Time and again, when given a chance to inspire and unify, Biden and his team have confused and hectored the very unvaccinated Americans he needs to reach the most. It was just in July that his CDC director,
Rochelle Walensky, and
White House press secretary Jen Psaki said that there would be no national vaccination mandates. Now we have mandates and an angry president who has given up on his supposed legendary empathy in favor of the kind of dictatorial style that Democrats once hammered Trump for.
As a political matter, Biden may find some running room on his mandate plan. Polling conducted by the
Associated Press in late August found majority support for mandates, driven largely by people who have already gotten their shots. And a
new CNN poll shows Americans have grown more supportive of mandates.
His statement that "
patience is wearing thin" with the unvaccinated will find resonance with a great many people, including Republicans like me who made the easy personal decision to get vaccinated after reviewing the data and situation.
This isn't a question of smart politics; rather, it is whether Biden's move will convince the unvaccinated crowd to get their shots.

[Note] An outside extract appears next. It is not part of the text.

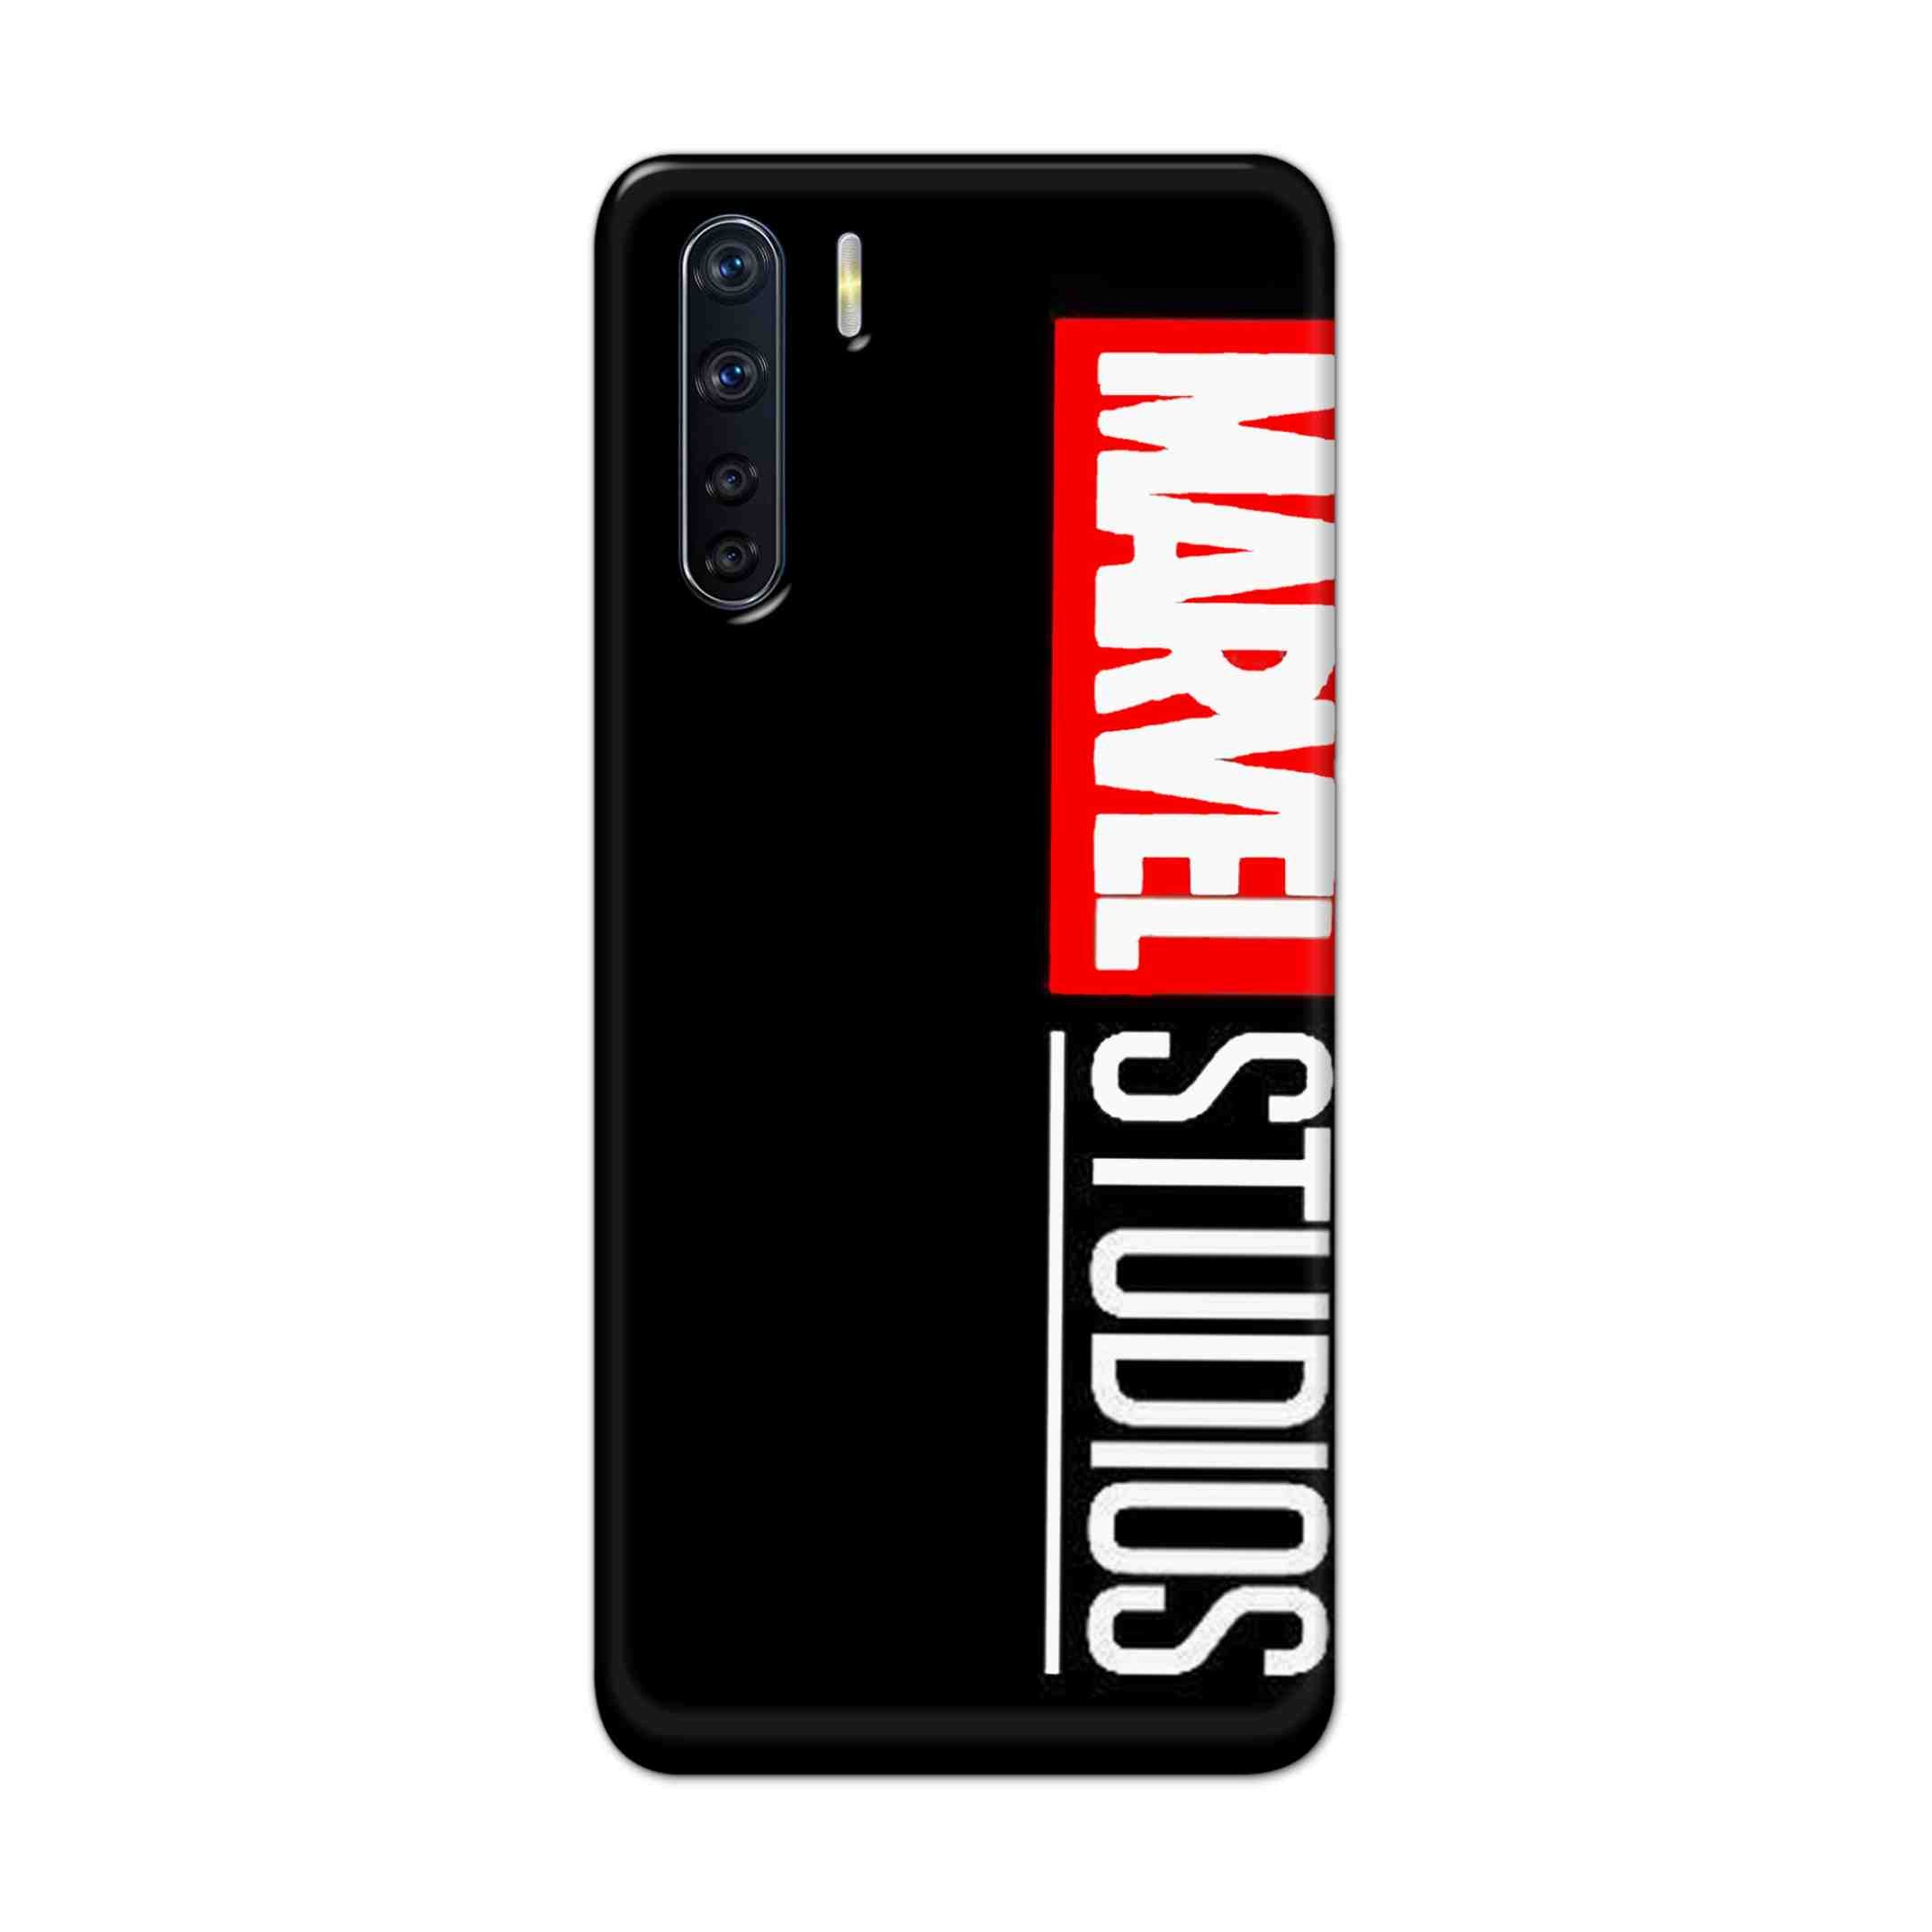 Buy Marvel Studio Hard Back Mobile Phone Case Cover For OPPO F15 Online

And there's nothing in his plan or attitude, even if it works for him politically, that rallies skeptical Americans to view that the vaccine works. Polling from the Washington Post, in fact,
indicated that 7 in 10 unvaccinated workers who were not self-employed would likely quit their jobs if mandated to get a vaccine at work and no exemptions were offered.
Ultimately, the American people will render a midterm report card on Biden's Covid leadership when they vote in the November 2022 election. If they hold the President to his own words, it won't be pretty: "220,000 Americans dead... Anyone who is responsible for that many deaths shouldn't remain as President of the United States of America," Biden
said on October 22, 2020, to lead off a debate against Donald Trump.
As of September, over 210,000 Americans have died of Covid-19 since Biden took office,
according to the CDC's tracking data. We've reached the threshold of presidential failure, according to Biden himself. The question now is: Can the president turn it around, or has he just settled on a political course rather than one that has a fighting chance of unifying the American people?